La Bosnie est déchirée, mais dans la ville ouvrière de Tuzla, on veut rester serein. Indéboulonnable bastion du Parti social-démocrate (SDP), héritier de l’ancienne Ligue des communistes, la ville a toujours résisté aux sirènes nationalistes. « Ici, peut-être du fait de notre culture ouvrière et cosmopolite, nous regardons l’autre comme un être humain, pas comme un Bosniaque, un Serbe ou un Croate », explique Vehid Šehić, le président du Forum des citoyens de Tuzla. Maire de la ville depuis 2000, Jasmin Imamović, insiste sur la défense des accords de Dayton : « Il n’y a pas d’autre solution possible. Il faut que les Serbes renoncent à l’idée de sécession mais aussi que les Bosniaques renoncent à l’idée de supprimer la Republika Srpska. Le cadre de Dayton est une camisole de force imposée, mais on ne pourra le changer que par un consensus de tous les peuples du pays ». Pour lui, la priorité aujourd’hui de la communauté internationale devrait être de s’assurer que les élections du 2 octobre prochain prévues par Dayton auront bien lieu, sachant que Čović et Dodik menacent de bloquer le budget. L’OHR peut en effet, en utilisant les « pouvoirs de Bonn », l’imposer. Et même adopter un système de protection de l’intégrité du scrutin, demandé depuis des années par la société civile qui dénonce le trucage des élections.

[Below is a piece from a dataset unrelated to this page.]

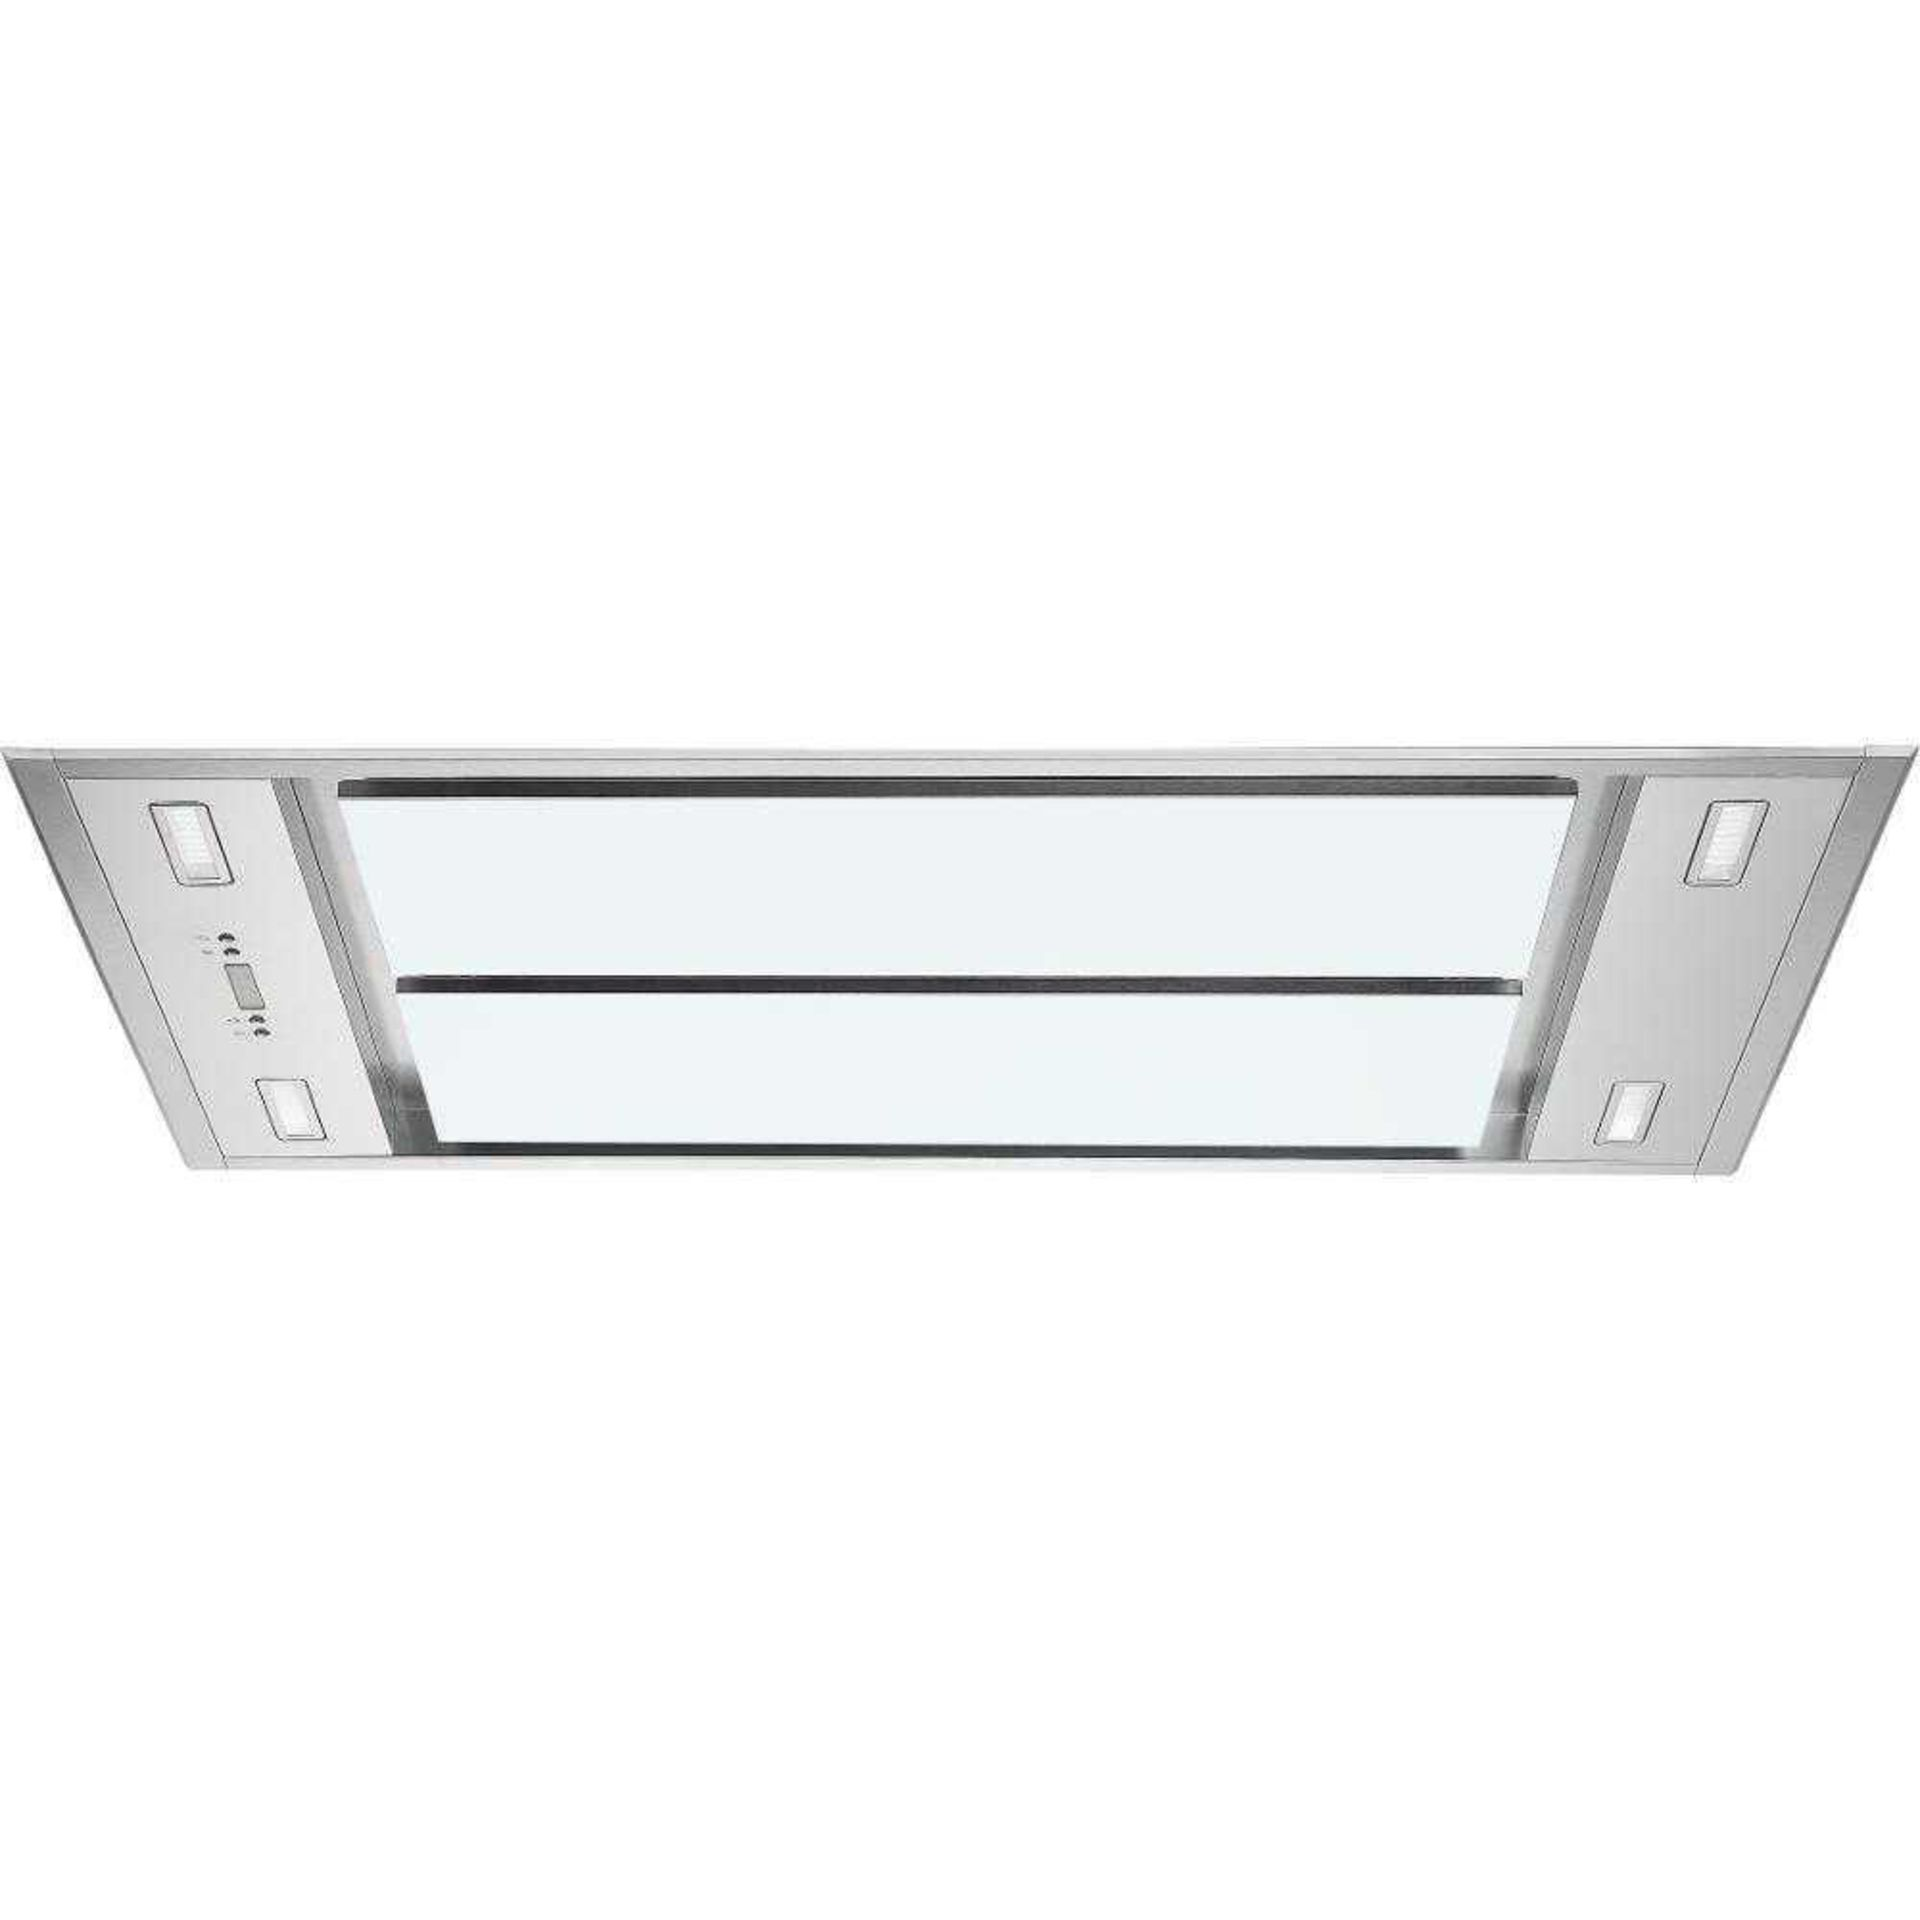 Lot 461 - Rrp £400 Ceiling Extractor Fan

C’est sans doute une piste de réflexion plus constructive que le non paper du printemps dernier, attribué au chef du gouvernement slovène, l’ultraconservateur Janez Janša, transmis à la Commission européenne, qui envisageait de modifier toutes les frontières des Balkans sur des principes « ethniques », partageant la Bosnie-Herzégovine entre la Croatie et la Serbie et ne laissant aux Bosniaques musulmans qu’un minuscule territoire centré autour de Sarajevo, de Zenica et de Tuzla. Une vieille idée commune aux nationalistes croates et serbes que ce document est venu remettre à l’ordre du jour.